Both list and tuple are iterable types, so you can write loops to go through every value they hold. You can use the norm `for` statement.

Lists and tuples can also be accessed by using the square bracket `[]` operator, which is called the indexing operator. The first item of the list starts at position 0 and to get the length of the list, we use the built in len function. There are some other common functions that you might expect like min and max which will find the minimum or maximum values in a given list or tuple. 

Python lists and tuples also have some basic mathematical operations that can be allowed on them. The plus (`+`) sign concatenates lists for instance. And the asterisks (`*`) repeats the values of a list. A very common operator is the `in` operator. This looks at set membership and returns a boolean value of true or false depending on whether one item is in a given list.

**Dictionaries** are similar to lists and tuples in that they hold a collection of items, but they're labeled collections which **do not have an ordering**. This means that for each value you insert into the dictionary, you must also give a **key** to get that value out.
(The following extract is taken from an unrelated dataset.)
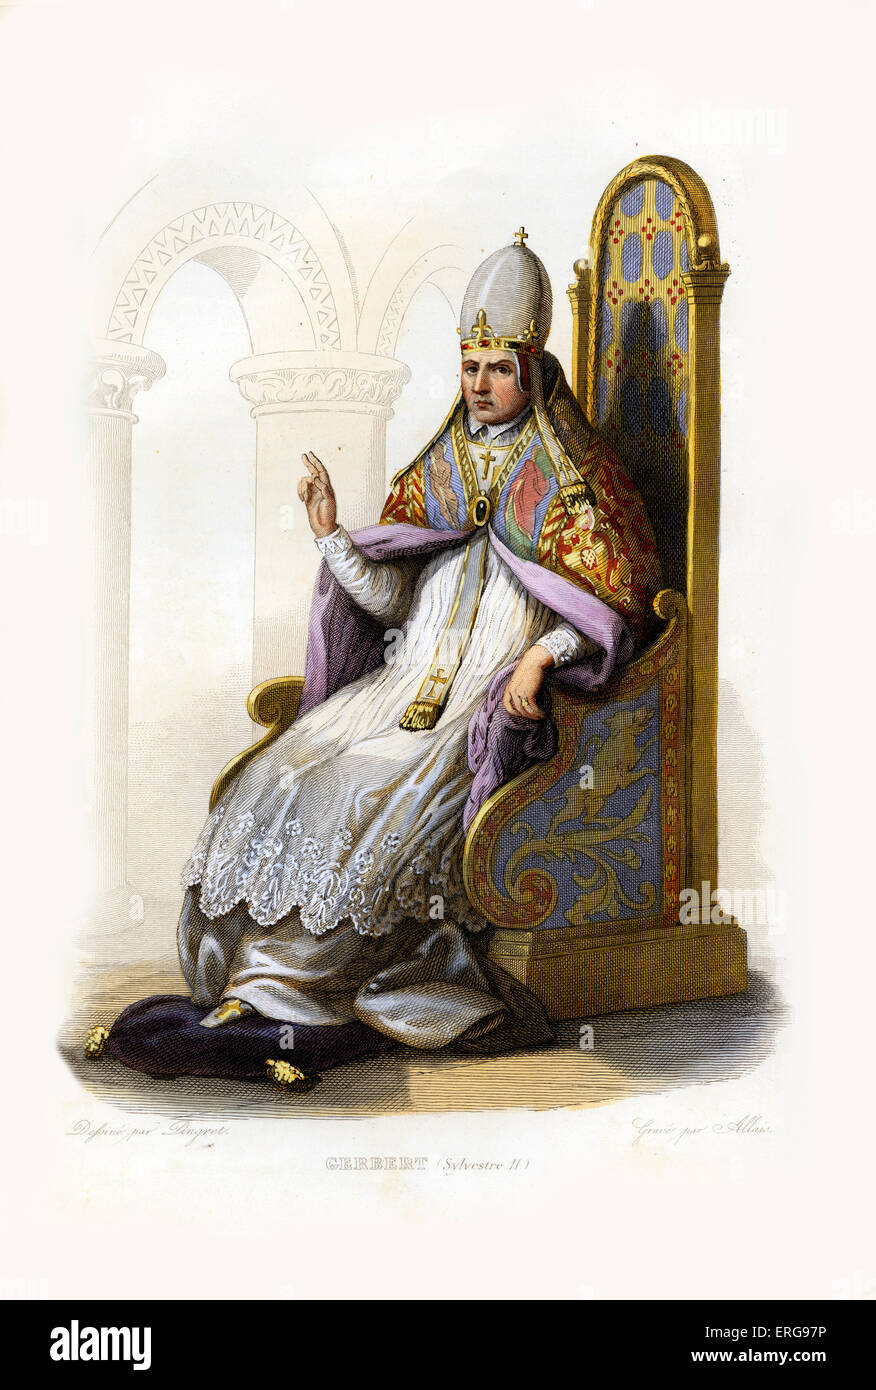 Port pegs Forkludret Pope Sylvester II (or Silvester II), born Gerbert d'Aurillac. Prolific  scholar, teacher, and Pope. c. 940-1003. Engraving by Stock Photo - Alamy
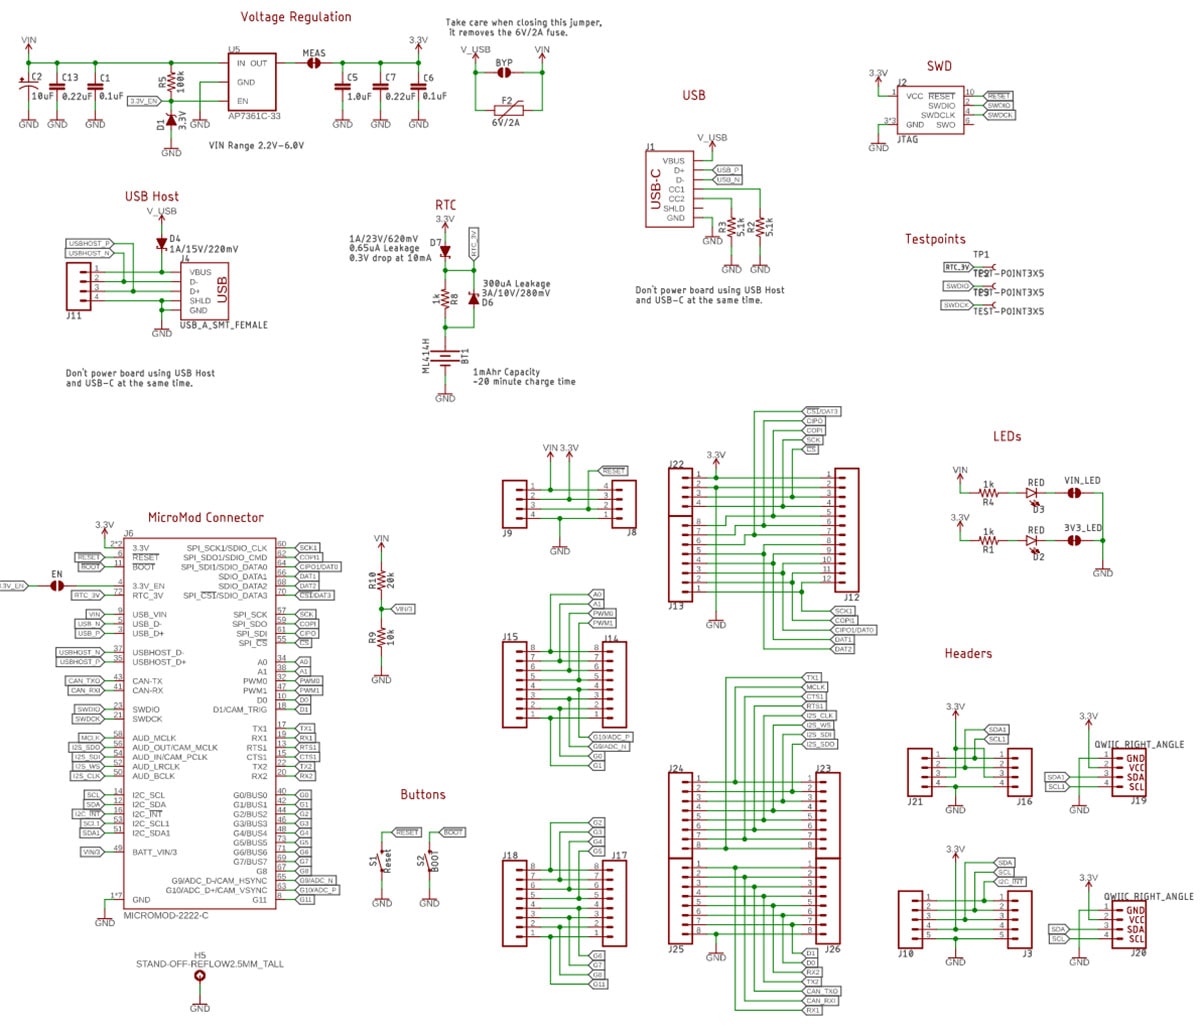 MicroMod ATP Carrier Schematic

In other languages the structure is often called a **map**. And in Python we use curly braces (`{}`) to denote a dictionary. Here is an example where we might link names to email addresses. You can see that we indicate each item of the dictionary when creating it using a pair of values separated by colons. Then you can retrieve a value for a given label using the indexing operator. 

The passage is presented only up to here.